THE DATA Start Marker
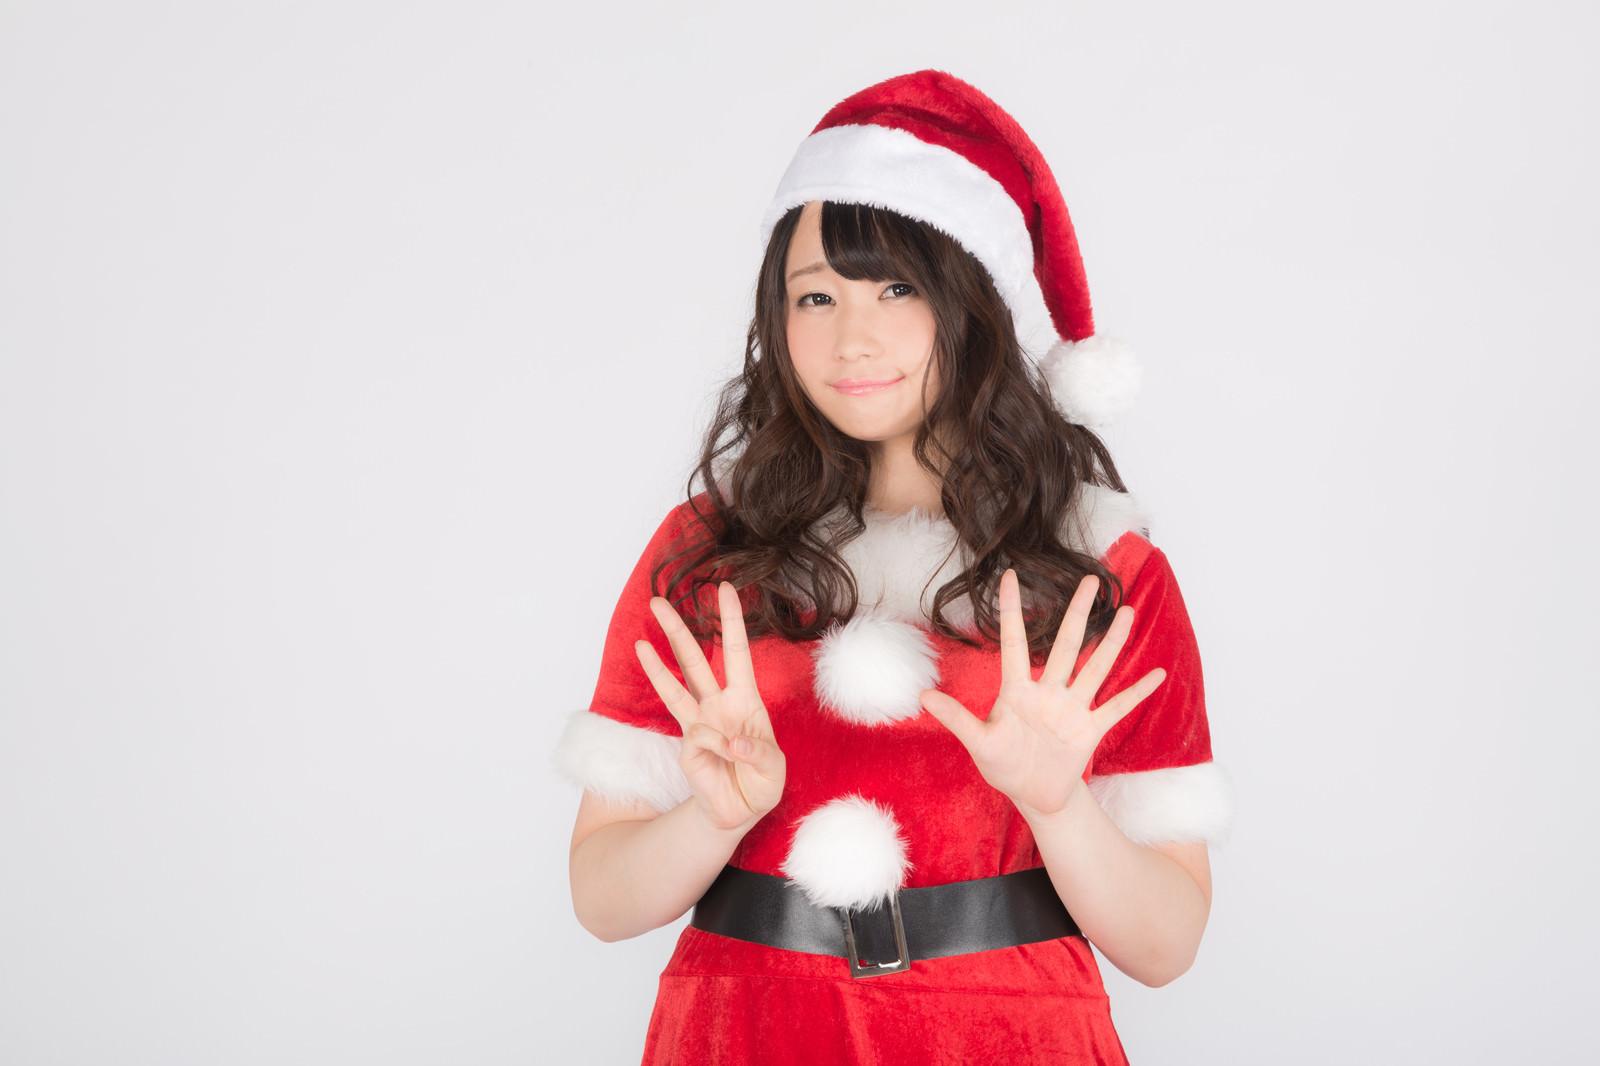 「クリスマスカウントダウン!あと8日」の写真
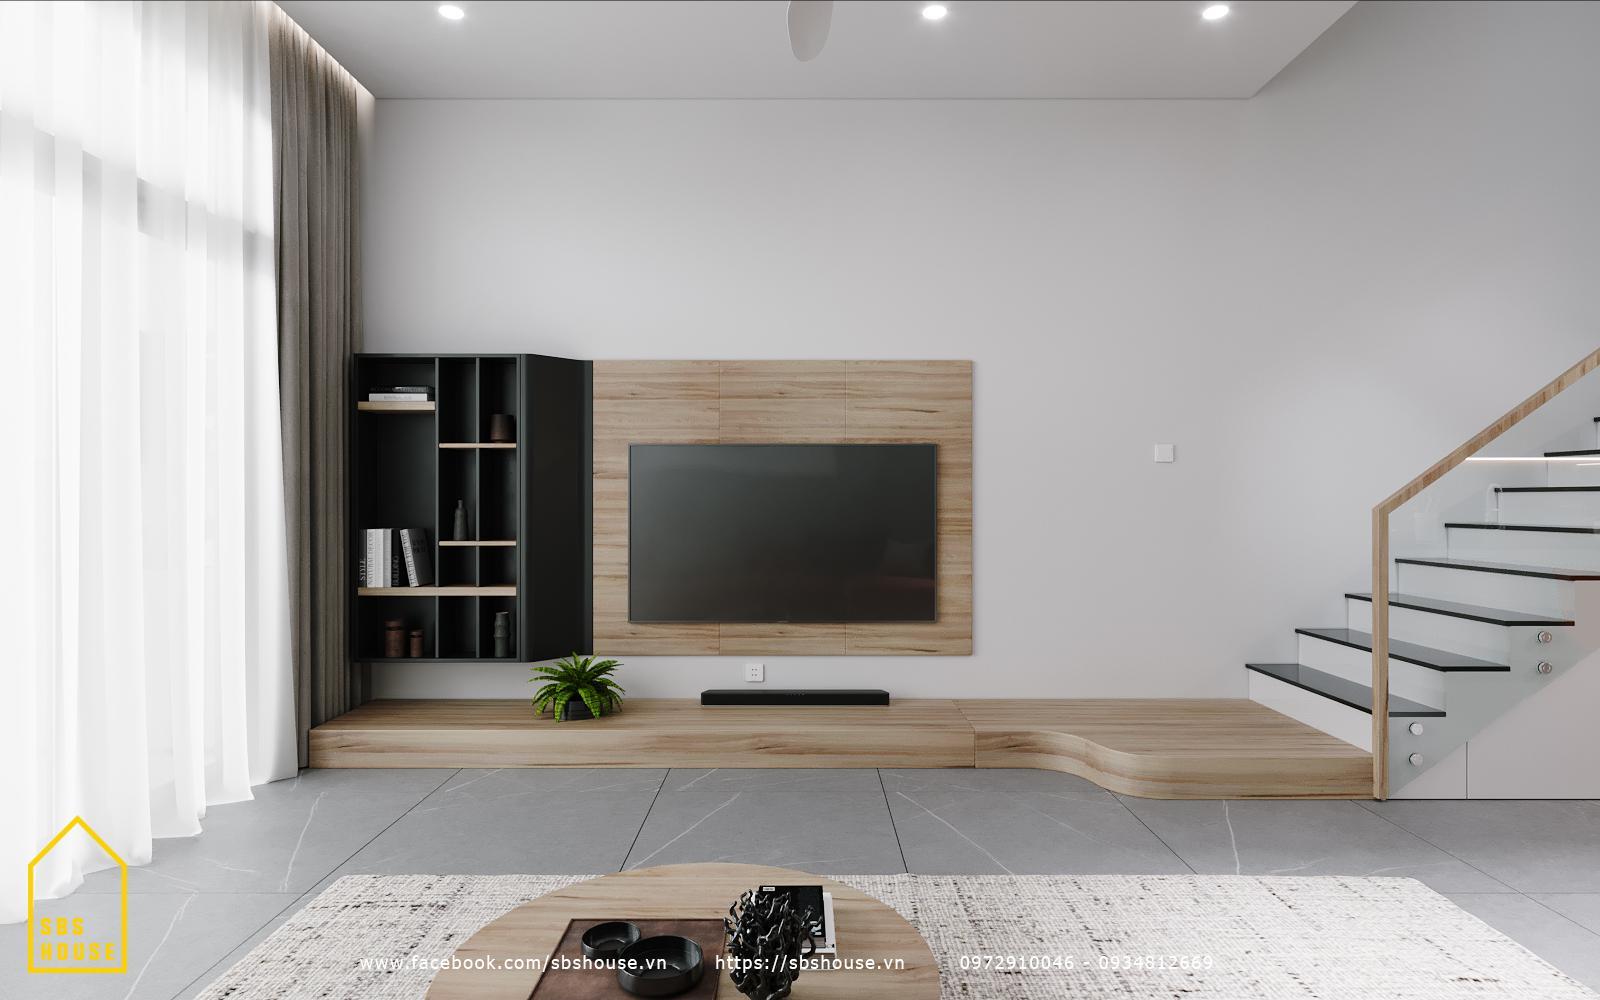 kệ tivi đơn giản hiện đại
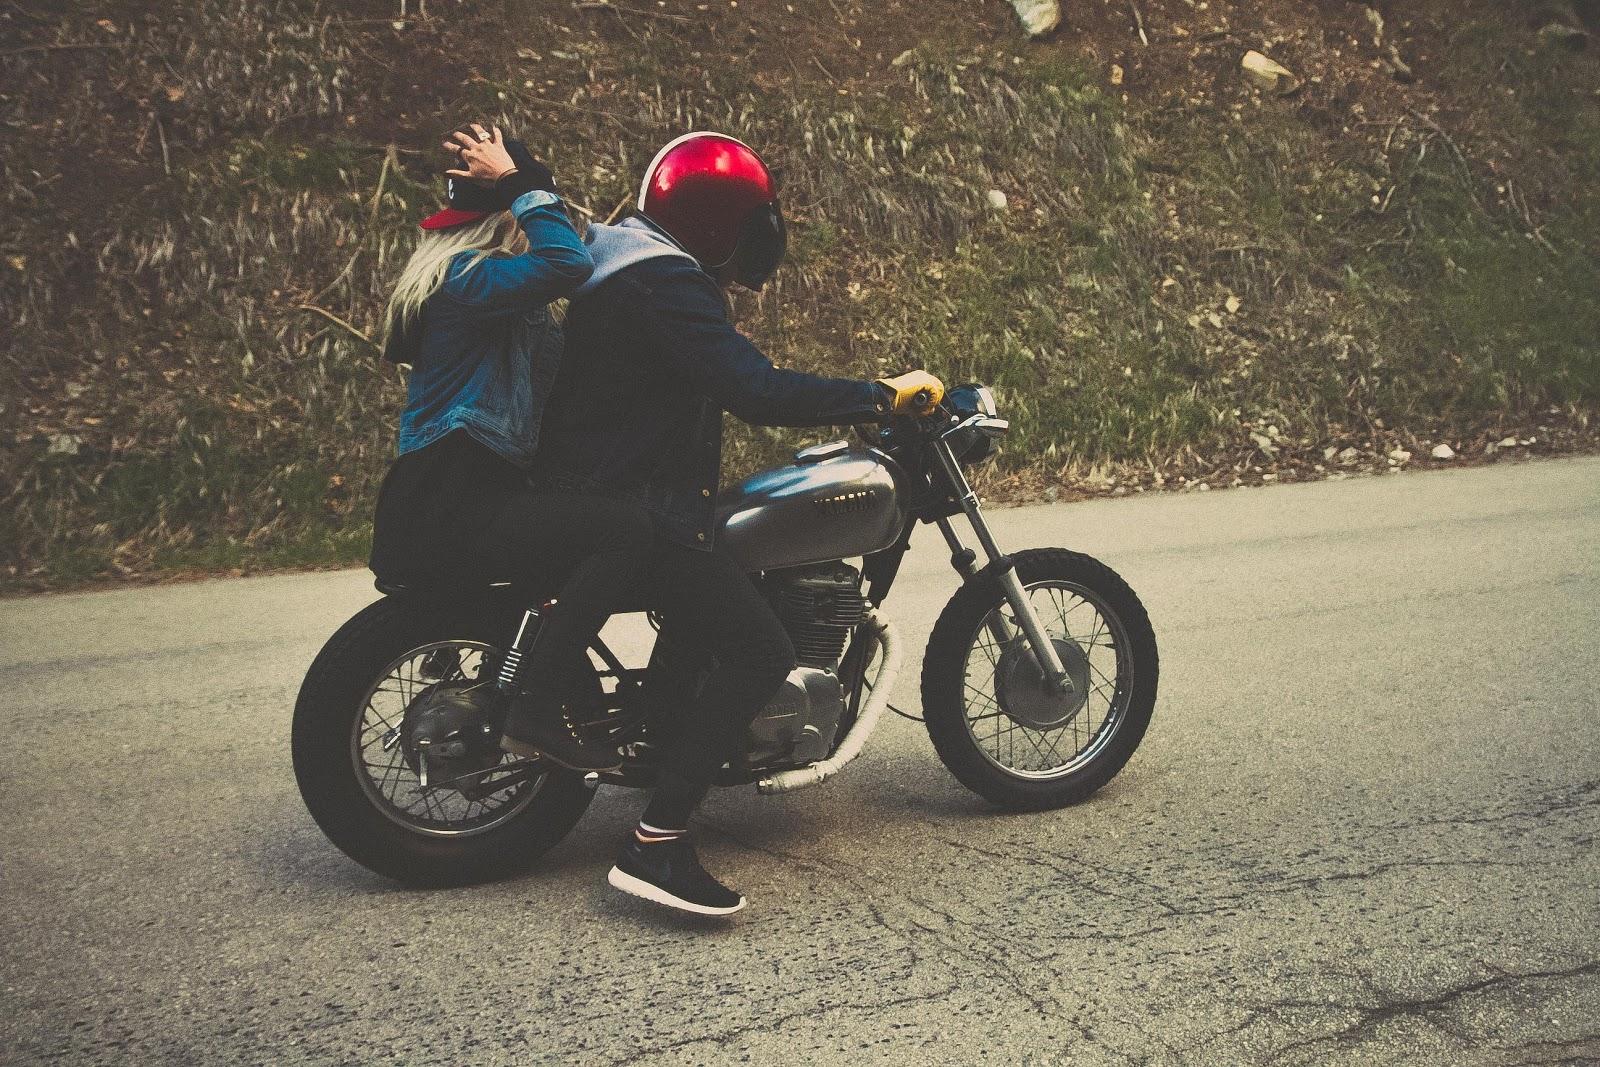 Pärchen auf Motorrad
THE DATA End Marker
- TASK DIRECTIONS:
Return all the material exactly, pictures excluded.

- EXERCISE ANSWER:
 「クリスマスカウントダウン!あと8日」の写真
 kệ tivi đơn giản hiện đại
 Pärchen auf Motorrad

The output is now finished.